Rows of minivans fill the parking lot of Atlanta's Chinatown Square. Two large dragon sculptures flank the main entrance that leads into one of our city's most exciting eating destinations: a food court that transforms even the most jaded foodie into a manic glutton. Food stalls serving everything from slutty Americanized General Tsos chicken to pig stomach surround a mass of well-worn tables and chairs populated by every manner of diner, who huddle intensely over their dishes of choice. Hong Kong B.B.Q. (5385 New Peachtree Road, Chamblee, 770-451-7277) is, without a doubt, one of the court's most popular destinations. The Malaysian-owned stall serves nearly 200 different dishes — and that doesn't even include the specials advertised on a sign to the right of the cashier.
A glistening assortment of roasted and barbecued meats — soy sauce chicken, flats of glazed red pork, and whole mahogany ducks — hang side by side in a large window that offers a sneak peak into the carefully managed madness of Hong Kong's kitchen. Handpick your meat(s) and watch as the cook, armed with a menacing cleaver, deftly chops them into precise slices on a well-worn cutting board.
Bright yellow noodles or rice act as a foundation for the roasted meats. One of the more soothing options, a bowl of won ton noodle soup, offers a myriad of textures to counteract with the masterfully executed meats. The clear, mildly flavored broth overflows with plump pork won tons with delicate skins, crinkly egg noodles, a grassy pop of green bok choy and slices of intensely red pork or crispy roast duck.
While the congee choices look like an appealing steal at around $3 per bowl, they are often watery and best avoided. The stir-fried noodles, however, should not be missed. A litmus test of Chinese cooking, the dry-fried beef chow fun has the requisite oiliness that takes this sinful dish from good to fabulous. Black bean sauce mixed with a generous dose of soy permeates the flat, wide rice noodles tangled with a mix of chopstick-slender slices of beef, green onions and bean sprouts.

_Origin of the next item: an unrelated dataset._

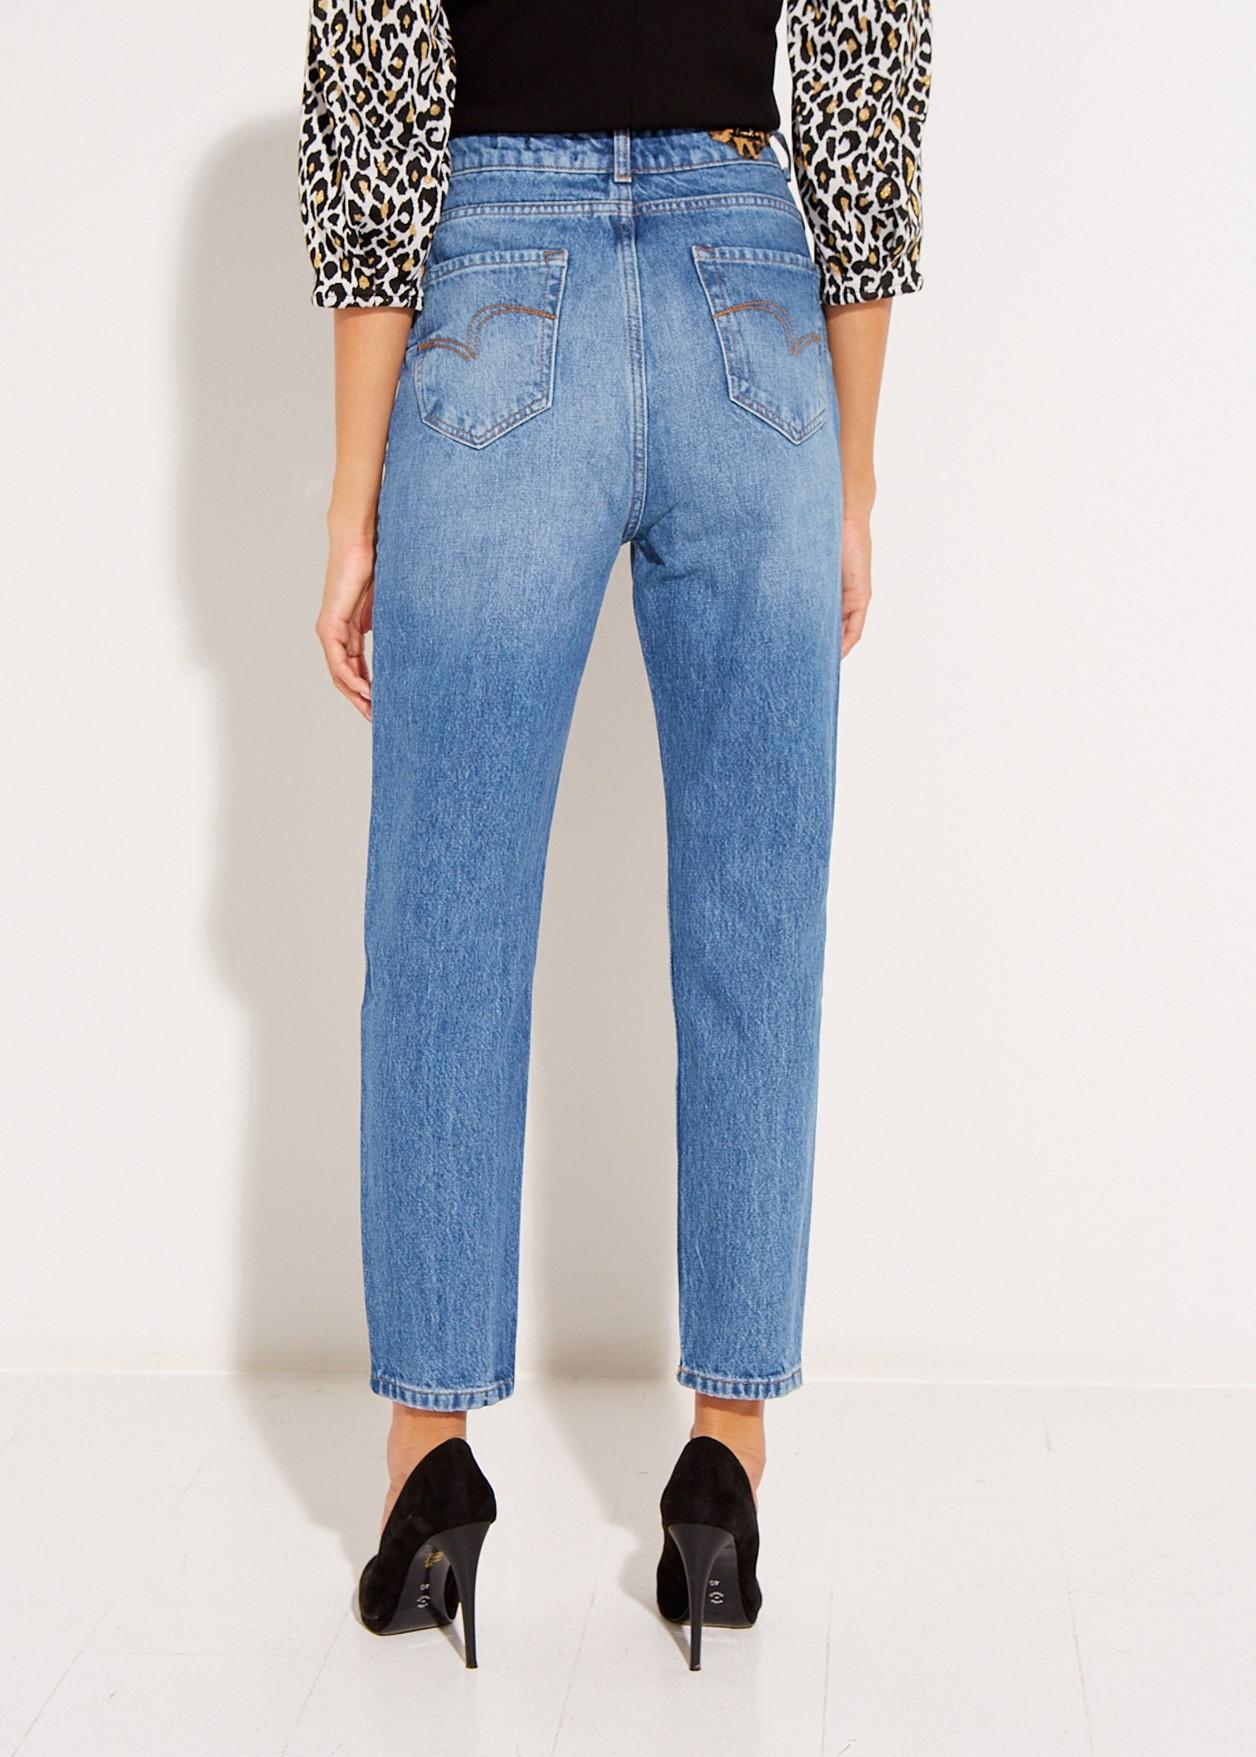 Kendall τζιν παντελόνι με σκισίματα

Hainanese chicken rice mashes up both Chinese and Malaysian cooking beautifully. Although the dish hails from China, it's often found in Malaysian restaurants. Plump pieces of skin-on, bone-in chicken glisten with fat. Hong Kong encircles the chopped up chicken pieces with cucumbers that have been quick-pickled for a little acidic contrast to the dish. A plate of fluffy white rice is served on the side along with a tiny container of spicy chili sauce, a bowl of soup, and the piece de resistance: a sauce for drizzling made of soy sauce and other ingredients that the restaurant's grinning cook refuses to divulge, no matter how much you pry.
Since the restaurant has a Malaysian owner, Malaysian dishes litter the menu and deserve your exploration. A heaping plate of the classic rice-noodle dish char kway teow is packed with tiny, juicy shrimp, and thick slabs of fish cake. Ask for it spicy and you wont be disappointed; these guys aren't the type to deter their American customers from the real deal. Add the bustle of the food court to the mix and it's almost like landing in China — without the painfully long flight.